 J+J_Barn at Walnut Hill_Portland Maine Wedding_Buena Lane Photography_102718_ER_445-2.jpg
────
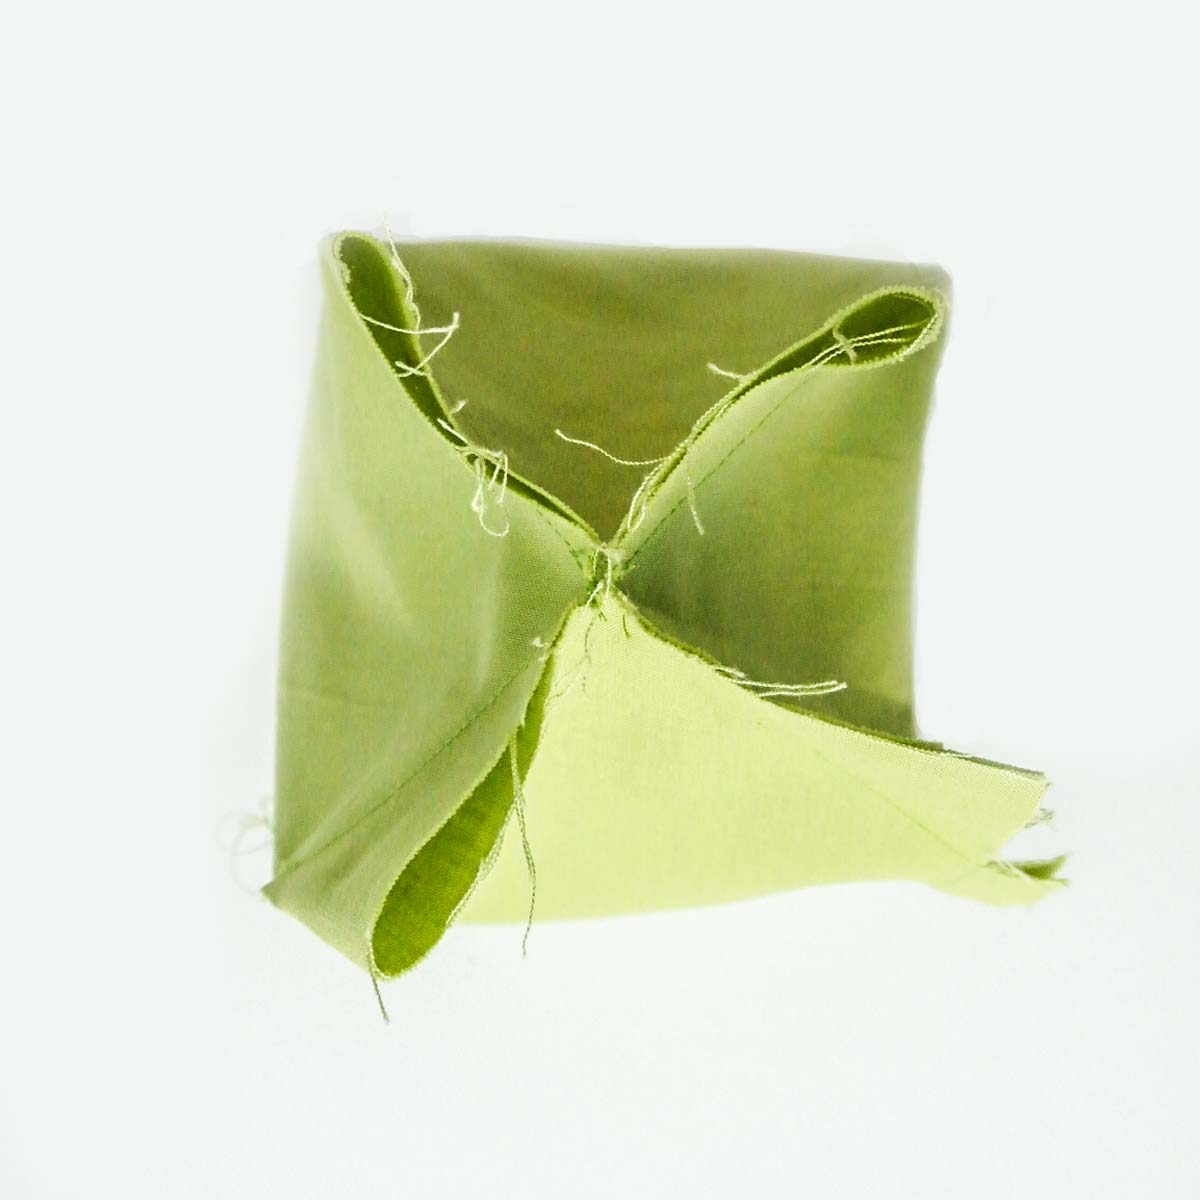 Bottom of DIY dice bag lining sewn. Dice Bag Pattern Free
────
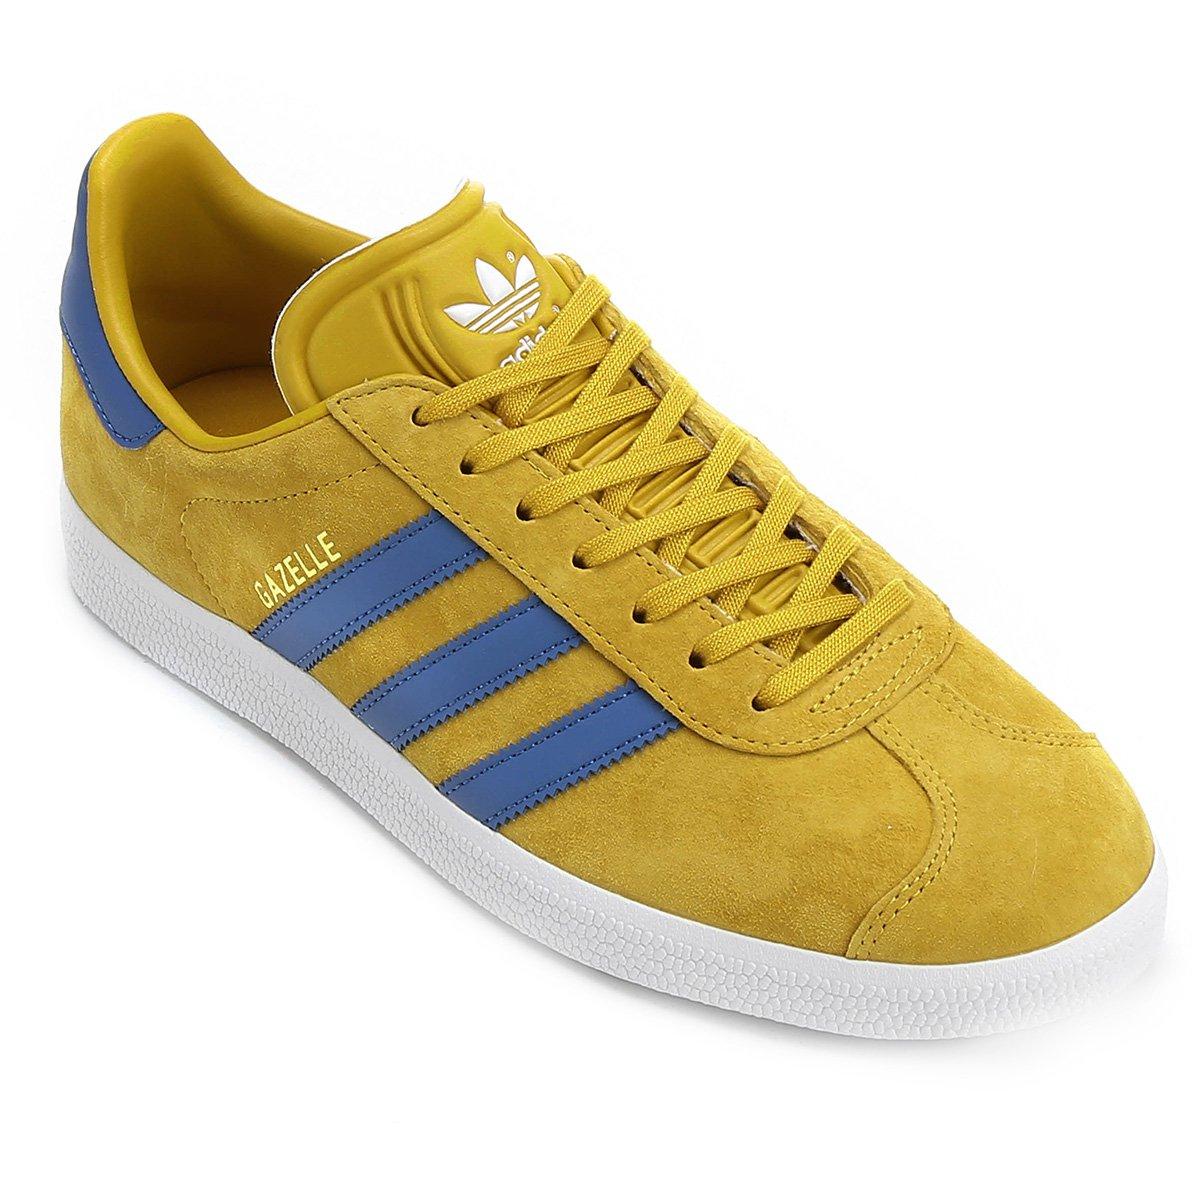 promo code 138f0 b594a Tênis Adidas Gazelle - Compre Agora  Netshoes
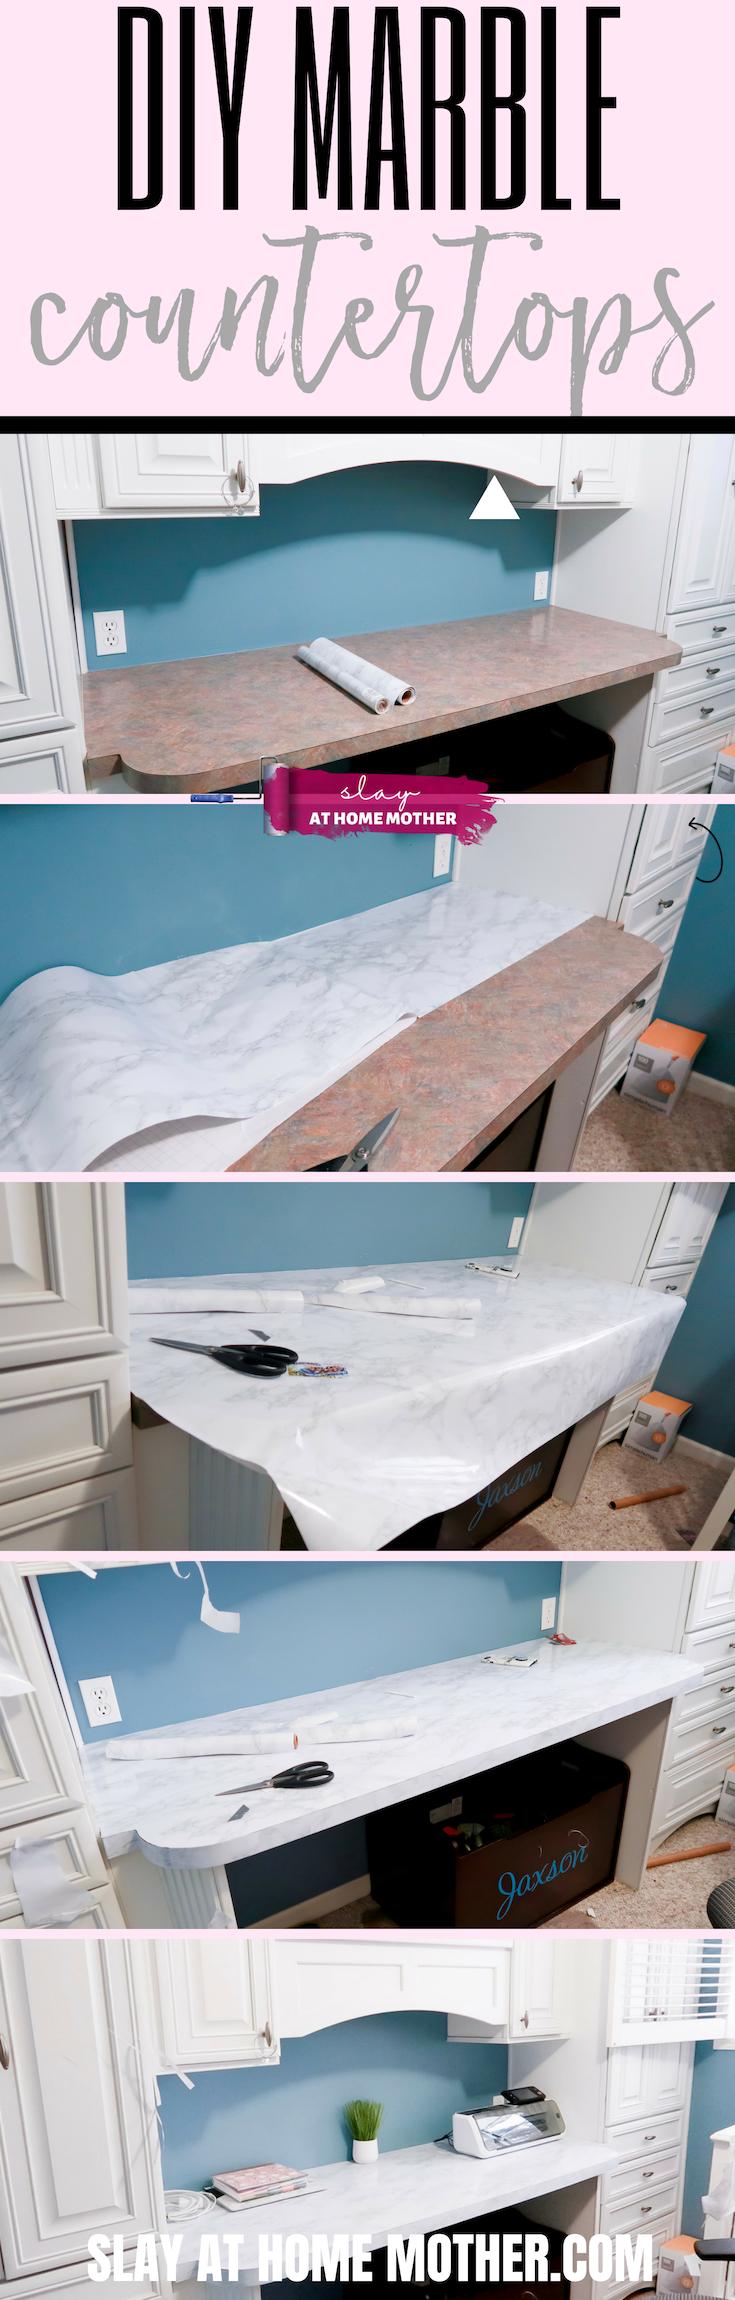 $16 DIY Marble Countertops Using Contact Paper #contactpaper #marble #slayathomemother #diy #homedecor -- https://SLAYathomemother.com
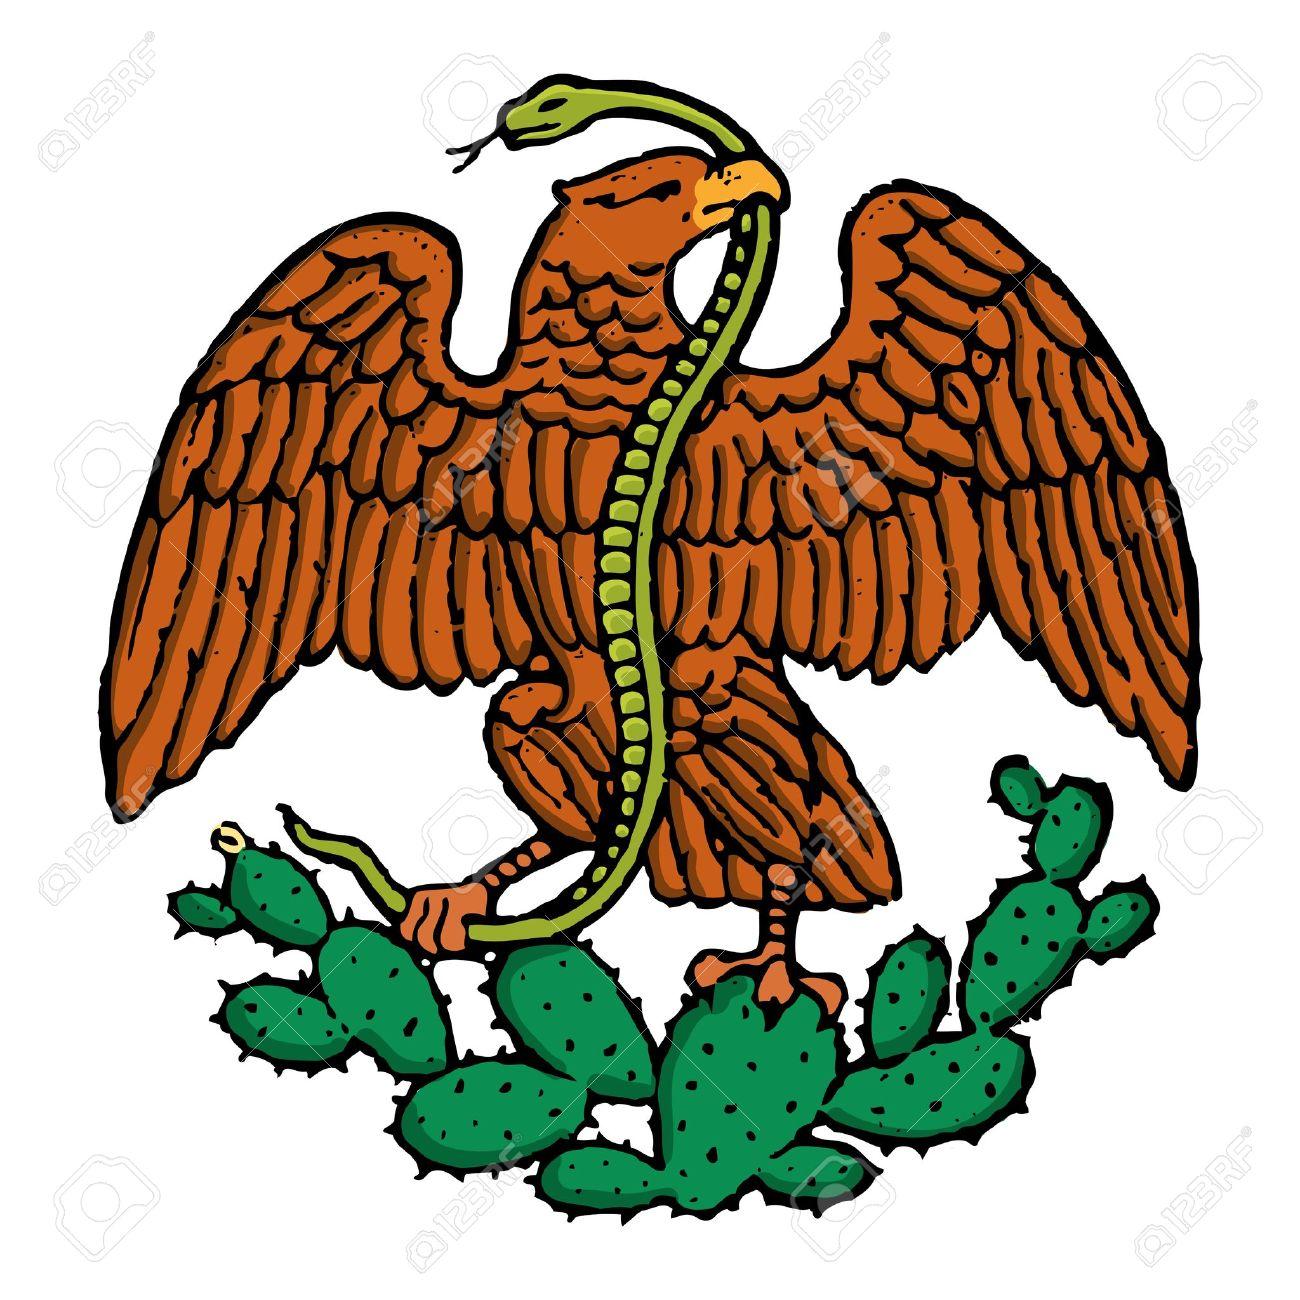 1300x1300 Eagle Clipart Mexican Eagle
────
→ **Work instructions**:
Above this task is a listing with pictures in it. Retype only the lines from the one containing "#homedecor -- https://SLAYathomemother.com" through the one containing "1300x1300 Eagle Clipart Mexican Eagle", both included, and not the pictures.

→ **Written response**:
 $16 DIY Marble Countertops Using Contact Paper #contactpaper #marble #slayathomemother #diy #homedecor -- https://SLAYathomemother.com
 1300x1300 Eagle Clipart Mexican Eagle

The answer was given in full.